The Kenya Revenue Authority (KRA) has lodged objections barring thousand and ninety-two (1092) companies from intended dissolution and striking off from the Registrar of Companies for the period July 2022 to March 2023 before the settlement of tax liabilities.
Cumulatively, these companies owe a total of Kshs 1,150,541,181.49 in unpaid taxes to KRA.
These statistics caught KRA’s attention considering the companies submitted the applications for voluntary strike-off while still owing tax debts to the Government. The companies seeking voluntary dissolution vary across all sectors and range from single proprietor businesses to family-owned firms, and local subsidiaries of international firms.
During the period July 2022 to March 2023, the companies through the Registrar of Companies issued ninety (90) day notices through the Kenya Gazette alerting the public of their intended voluntary dissolution.
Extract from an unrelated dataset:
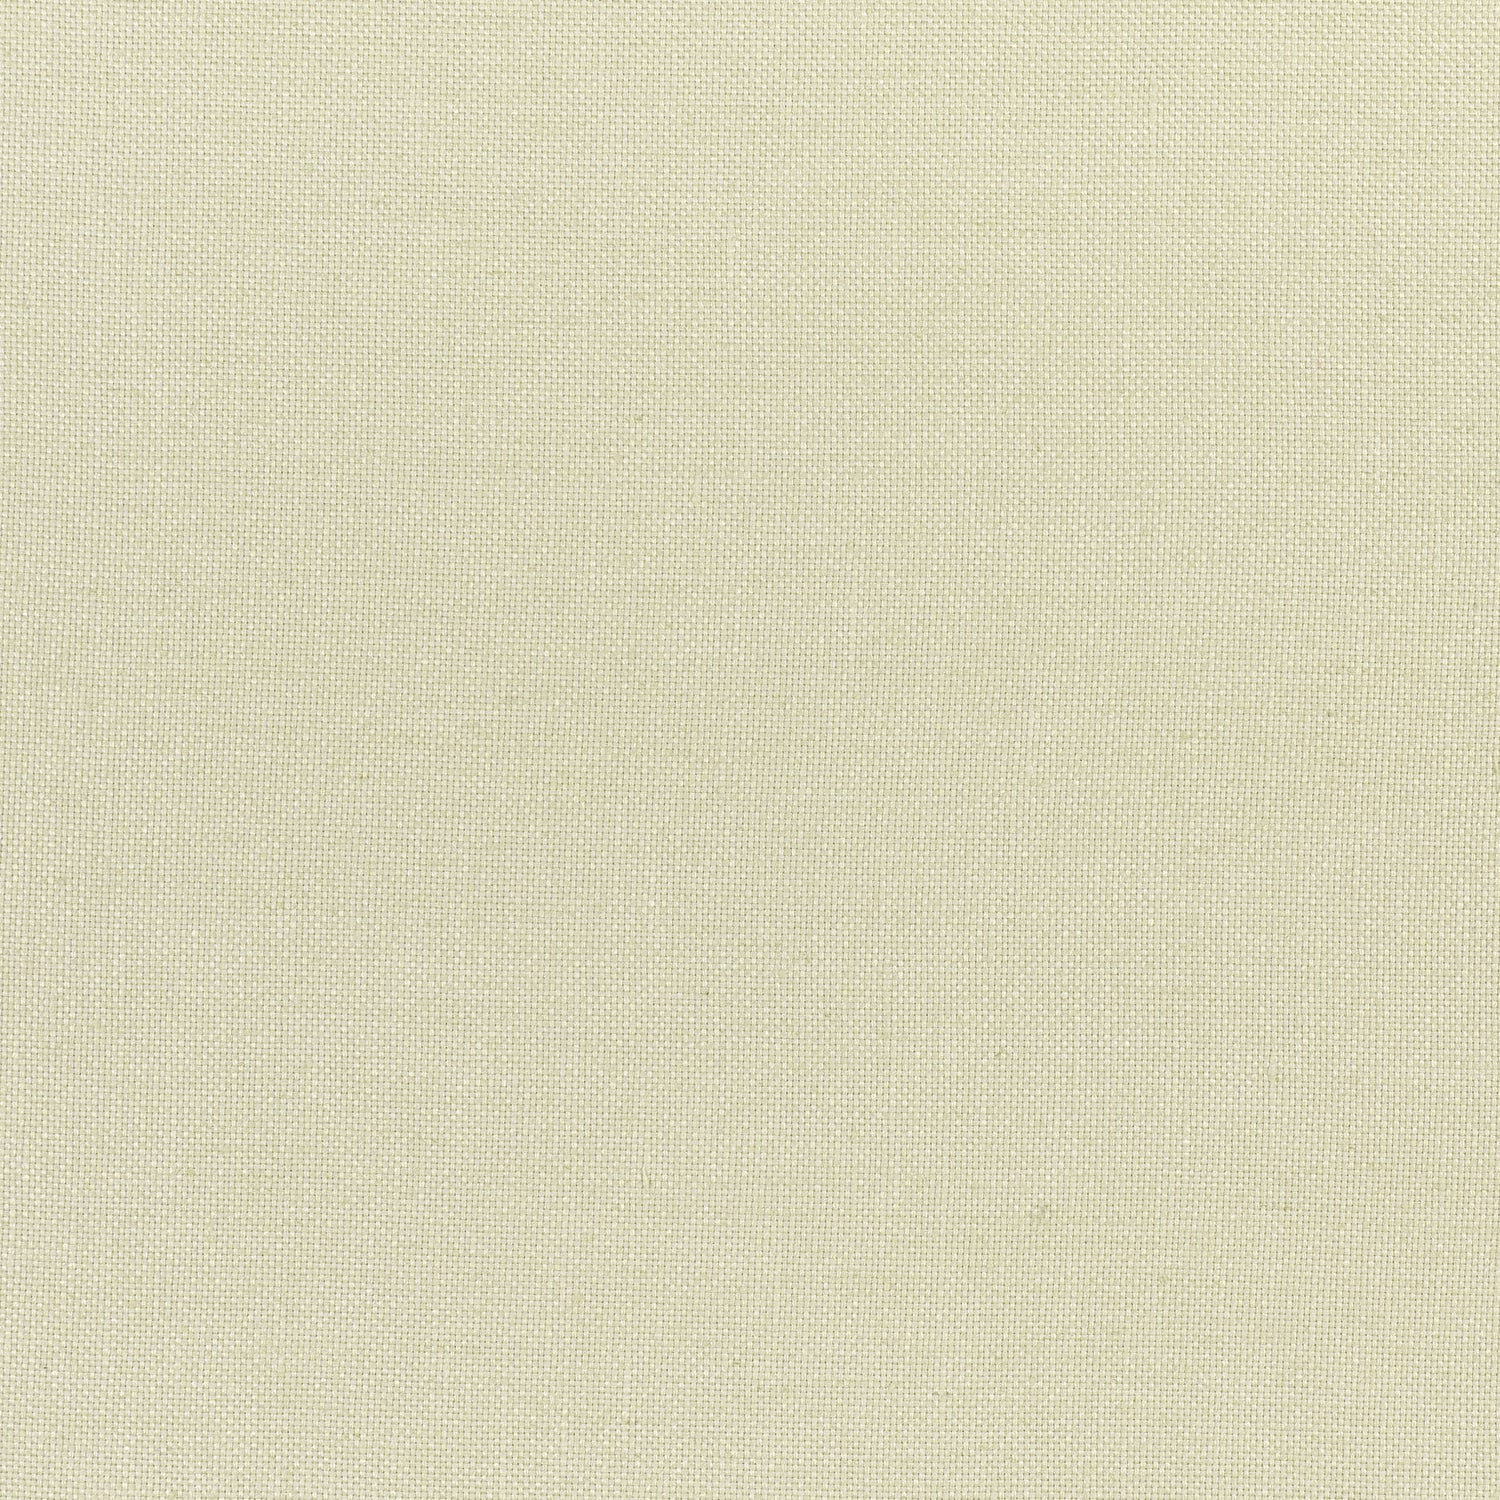 Dawn Linen fabric in green tea color - pattern number FWW7673 - by Thibaut in the Palisades collection

The notices invited the public to share any reasons why the companies should not be dissolved.
KRA has raised concerns and demonstrated to the Registrar why the companies should not be dissolved, pending unsettled tax liabilities. The Companies Act 2015 requires the companies to provide copies of their application for voluntary dissolution to all their creditors including the KRA within seven (7) days of submitting applications to the Registrar of Companies.
KRA requires directors of companies due for closure, to pay their tax debts before submitting their applications to the Registrar. This will ensure the companies are compliant and that the tax issues are resolved amicably.